Because I was wearing high-heeled and quite pointy-toed boots*, standing and looking at the exhibits for three hours became painful. So I sat down to watch Steve McQueen’s Drumroll for a lot longer than I would have otherwise.
This is a film McQueen made with three cameras affixed in a rolling cement mixer he pushed down the street, apologizing to passersby as he went for the space he took up on the sidewalk. Two cameras were mounted inside the mixer, facing outside right and left, and one on the outside that rotates with the drum, so you can see the blur of McQueen’s body over and over. The three circular images are displayed side by side. As soon as you walk into the dark exhibit space, you’re instantly disoriented because the circling images make you feel like you’re rotating as well.

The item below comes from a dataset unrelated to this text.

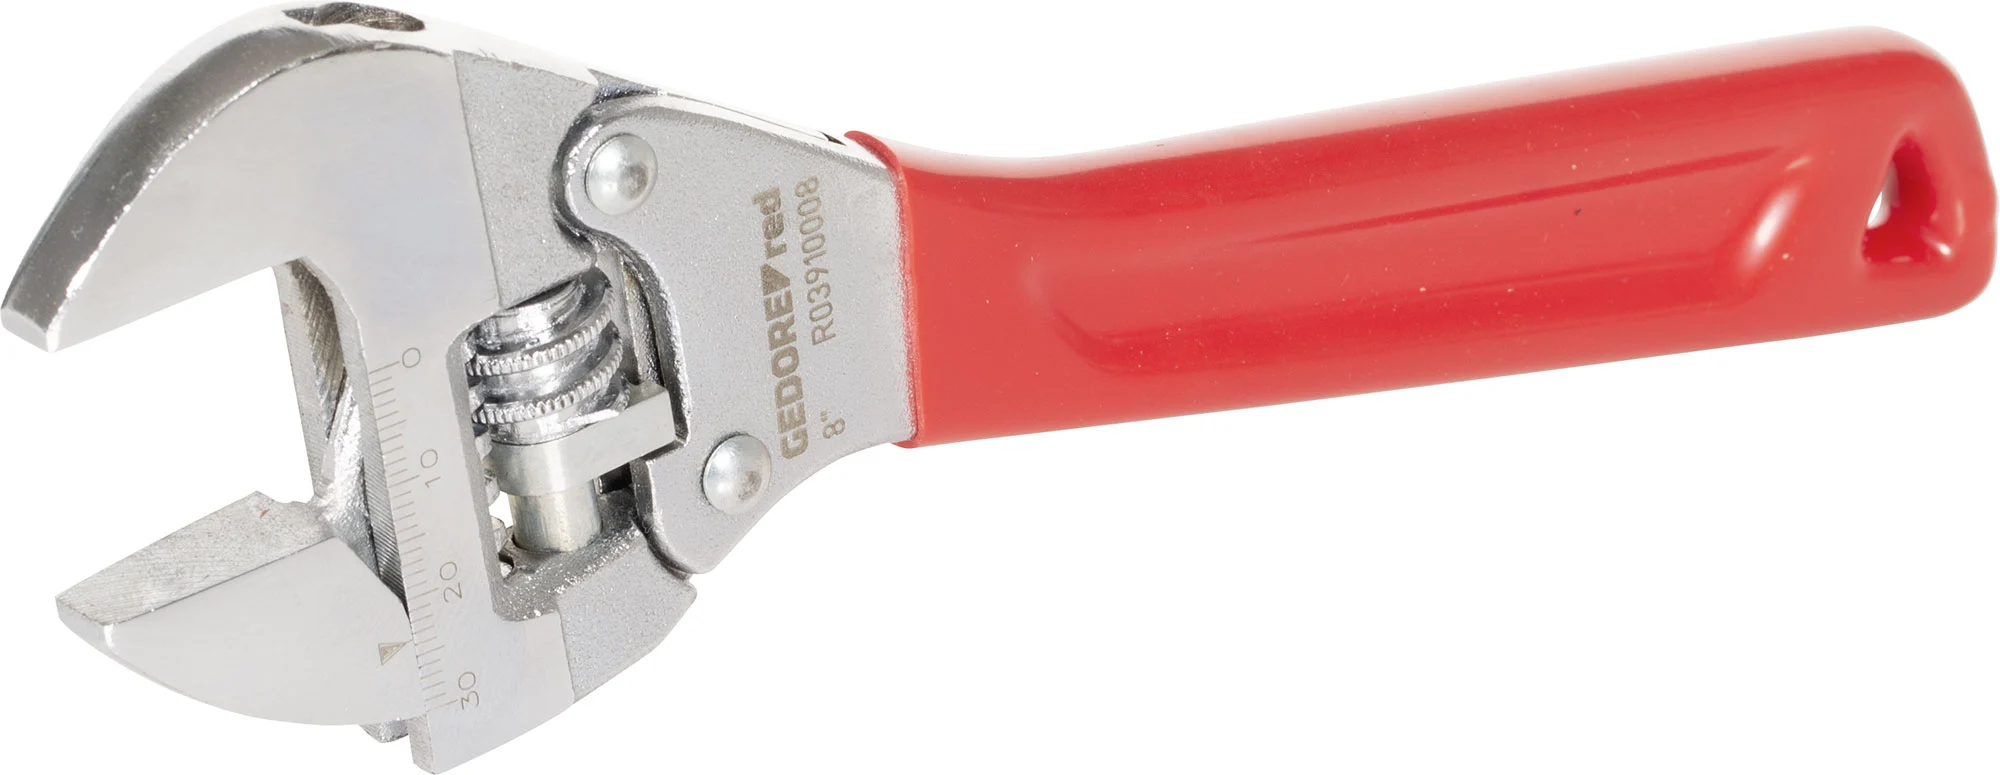 Gedore red GEDORE red chiave inglese con chiave a cricchetto di 2 dimensioni
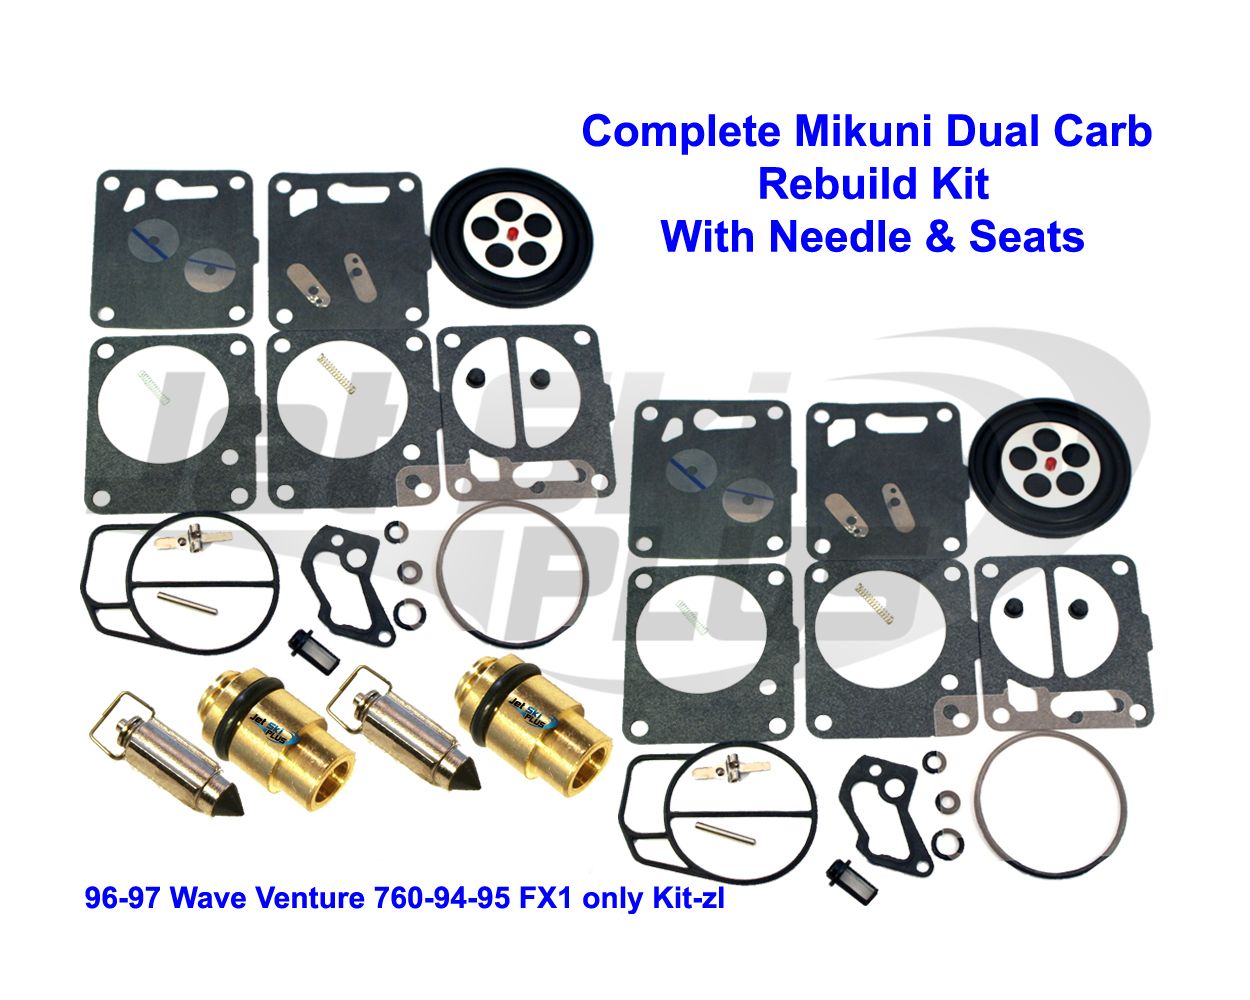 Yamaha Dual Mikuni Rebuild Kit Needle/Seat-Carb Base Gasket SuperJet WaveVenture

At first I thought the images were mundane, endless taxi wheels and pedestrians’ feet, but my cruel shoes encouraged me to stay and watch longer. And hey, it got really cool the longer I stayed. I’m always telling my critical thinking students to “observe longer,” and it definitely paid off here.
I started noticing little things I wouldn’t have otherwise, like how the three images fit together and share some cornerspace with each other and figuring out that the blur was the artist (of course the placard says this, but I didn’t get it until I got it, and then it was an aha). I became in tune with the rotation, breathing with the grinding sound the mixer made, at peace with being upside down. Way cool.
And I’m guessing this is not the Steve McQueen of the acting world.
The day previous, I had heard a DJ on the radio saying that the Beatles and the Beach Boys had a sort of competition to see who could be more revolutionary and groundbreaking in their music, apropos of “Yesterday” being the first rock song to use a classical quartet. And then I came to the MOMA and saw that artists were doing the same thing: Jeff Koons with his ceramic Michael Jackson and monkey, the surrealistic photographers, the artist who bounced a basketball covered with paint over a canvas and called it art, the artist who did the same with naked women’s bodies (well, I guess instead of dribbling the women, they writhed on their own.) It was a nice synchronicity to see the same principle applied to two different art forms.
I loved my afternoon there.
And then I walked to BART, seriously looking around to see if there were any shoe stores because my feet hurt that badly. And wouldn’t you know it, it was commuter rush hour after five o’clock and I didn’t get a seat. I stood all the way to Oakland thinking evil thoughts about my beautiful boots.
*my boots are taller and pointier than the ones pictured… and also less Prada.